Controller 102 communicates with media feed system 130 via a communications link 164. Controller 102 communicates with scanner system 1 0 via a communications link 165. User interface 104 is communicatively coupled to controller 102 via a communications link 166. Processing circuitry 121 and 301 may include a processor and associated memory such as RAM, ROM, and/or non-volatile memory and may provide authentication functions, safety and operational interlocks, operating parameters and usage information related to fuser 120, toner cartridge(s) 200 and imaging unit(s) 300, respectively. Controller 102 processes print and scan data and operates print engine 110 during printing and scanner system 150 during scanning.

[0027] Computer 60, which is optional, may be, for example, a personal computer, including memory 62, such as RAM, ROM, and/or NVRAM, an input device 64, such as a keyboard and/or a mouse, and a display monitor 66. Computer 60 also includes a processor, input/output (I/O) interfaces, and may include at least one mass data storage device, such as a hard drive, a CD-ROM and/or a DVD unit (not shown). Computer 60 may also be a device capable of communicating with image forming device 100 other than a personal computer such as, for example, a tablet computer, a smartphone, or other electronic device.

[0028] In the example embodiment illustrated, computer 60 includes in its memory a software program including program instructions that function as an imaging driver 68, e.g., printer/scanner driver software, for image forming device 100. imaging driver 68 is in communication with controller 102 of image forming device 100 via communications link 70. Imaging driver 68 facilitates communication between image forming device 100 and computer 60. One aspect of imaging driver 68 may be, for example, to provide formatted print data to image forming device 100, and more particularly to print engine 110, to print an image.

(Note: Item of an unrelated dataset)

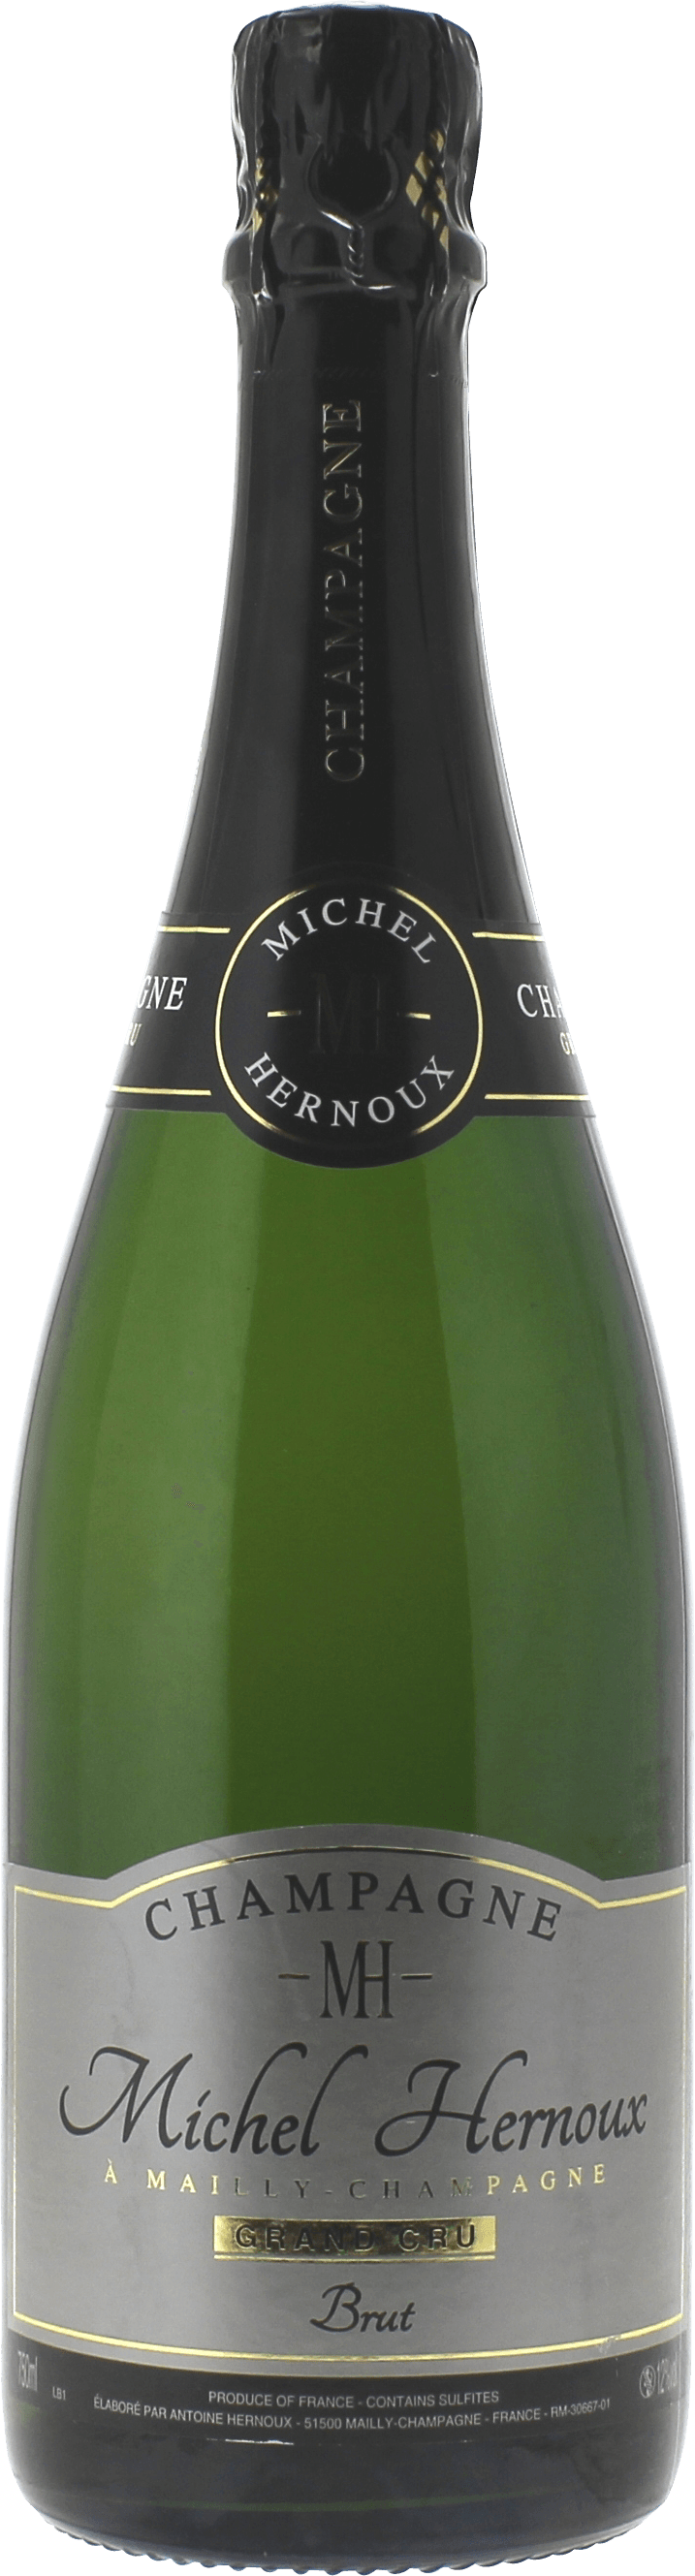 Michel hernoux  Michel hernoux, Champagne

Another aspect of imaging driver 68 may be, for example, to facilitate the collection of scanned data from scanner system 150.

[0029] In some circumstances, it may be desirable to operate image forming device

100 in a standalone mode. In the standalone mode, image forming device 100 is capable of functioning without computer 60. Accordingly, all or a portion of imaging driver 68, or a similar driver, may be located in controller 102 of image forming device 100 so as to accommodate printing and/or scanning functionality when operating in the standalone mode.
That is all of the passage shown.